**Dataset content**
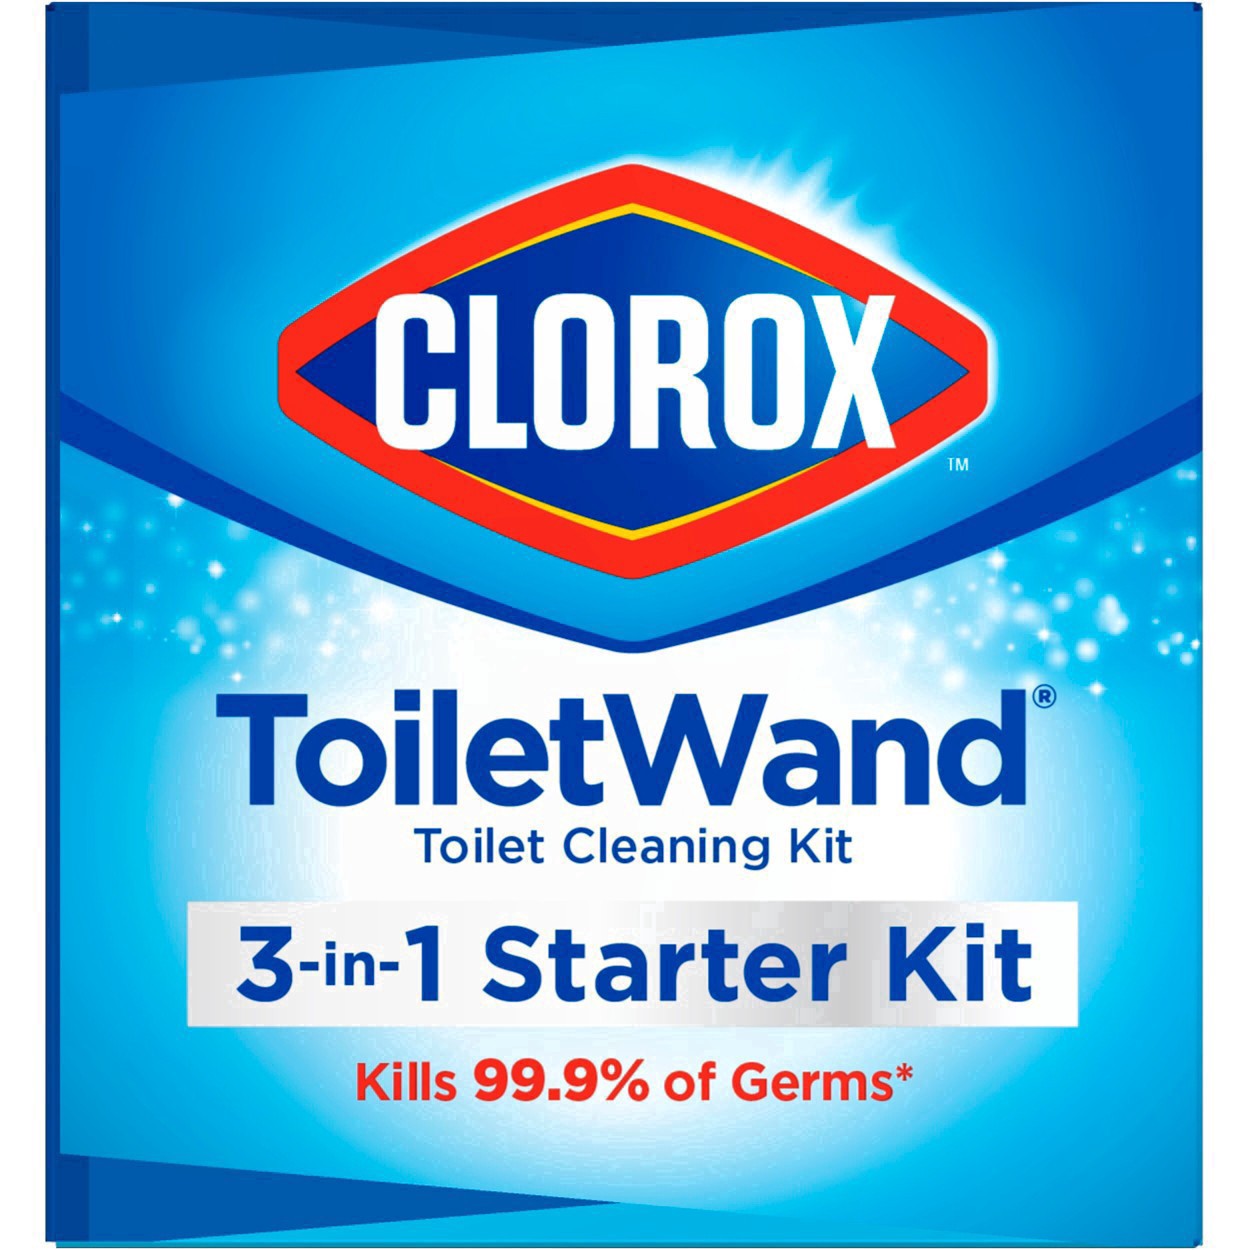 slide 118 of 176, Clorox Toilet Wand 3-in-1 Starter Toliet Cleaning Kit, 1 ct
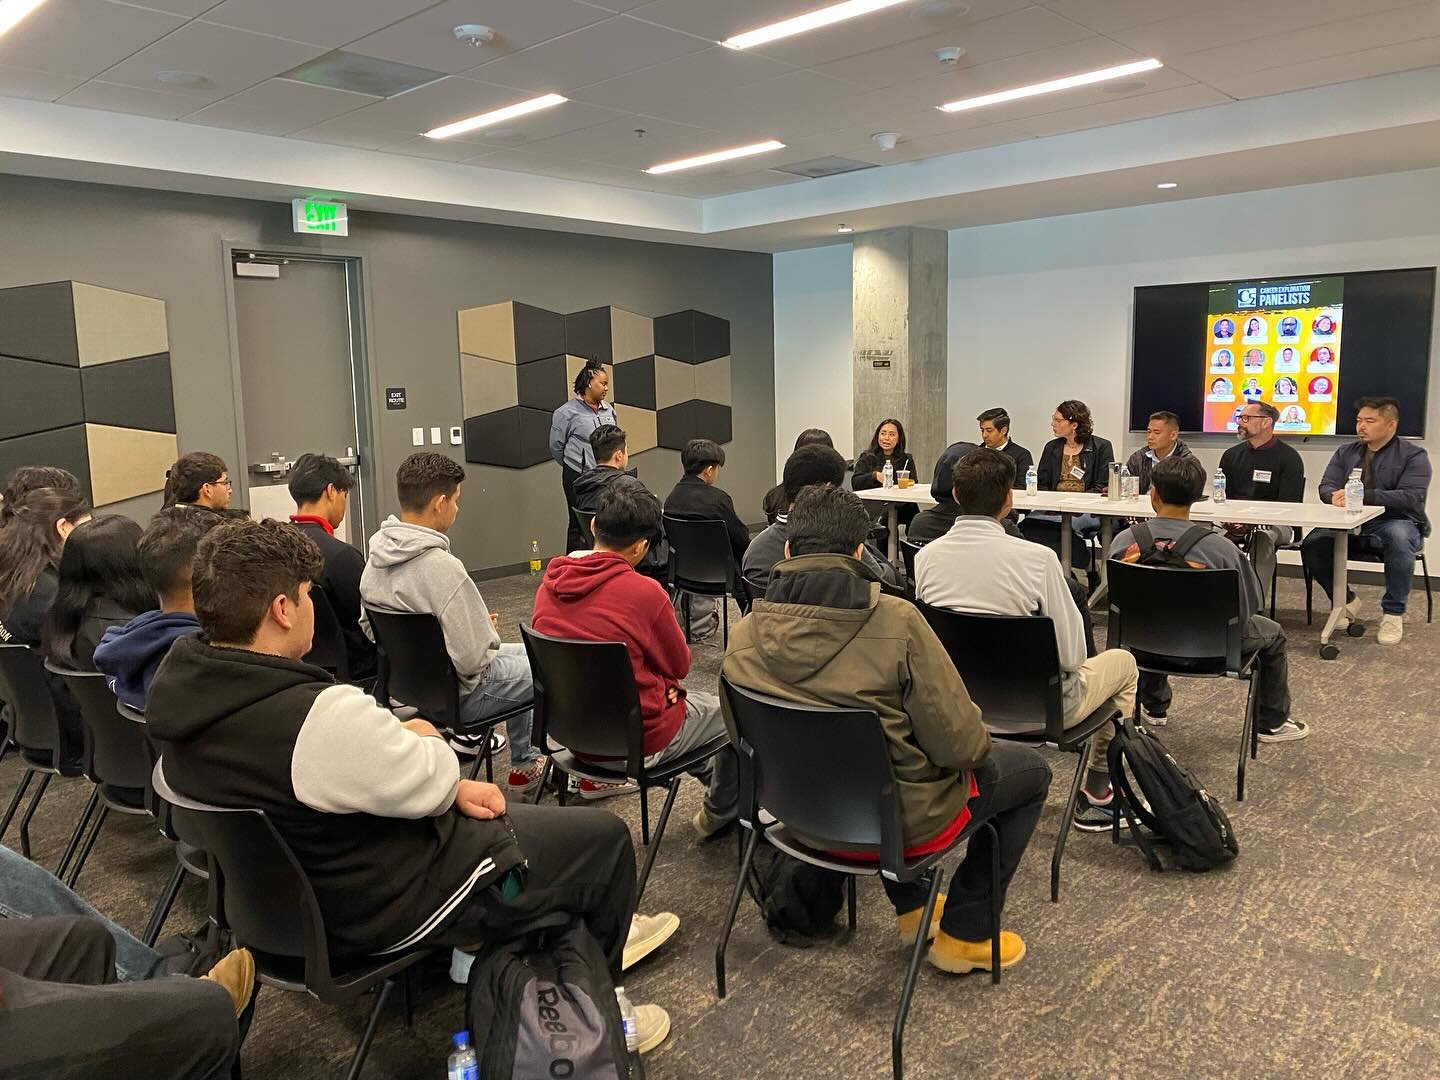 The annual Career Exploration pathway took place this past weekend with the Class of 2025!&nbsp;

Leaders had the opportunity to meet with 12 industry professionals during a &ldquo;speed dating&rdquo; networking event, and hear from our panelists who

**Required action**
Only the pictures are to be omitted; restate everything else above exactly.

**Exercise response**
 slide 118 of 176, Clorox Toilet Wand 3-in-1 Starter Toliet Cleaning Kit, 1 ct
 The annual Career Exploration pathway took place this past weekend with the Class of 2025!&nbsp;

Leaders had the opportunity to meet with 12 industry professionals during a &ldquo;speed dating&rdquo; networking event, and hear from our panelists who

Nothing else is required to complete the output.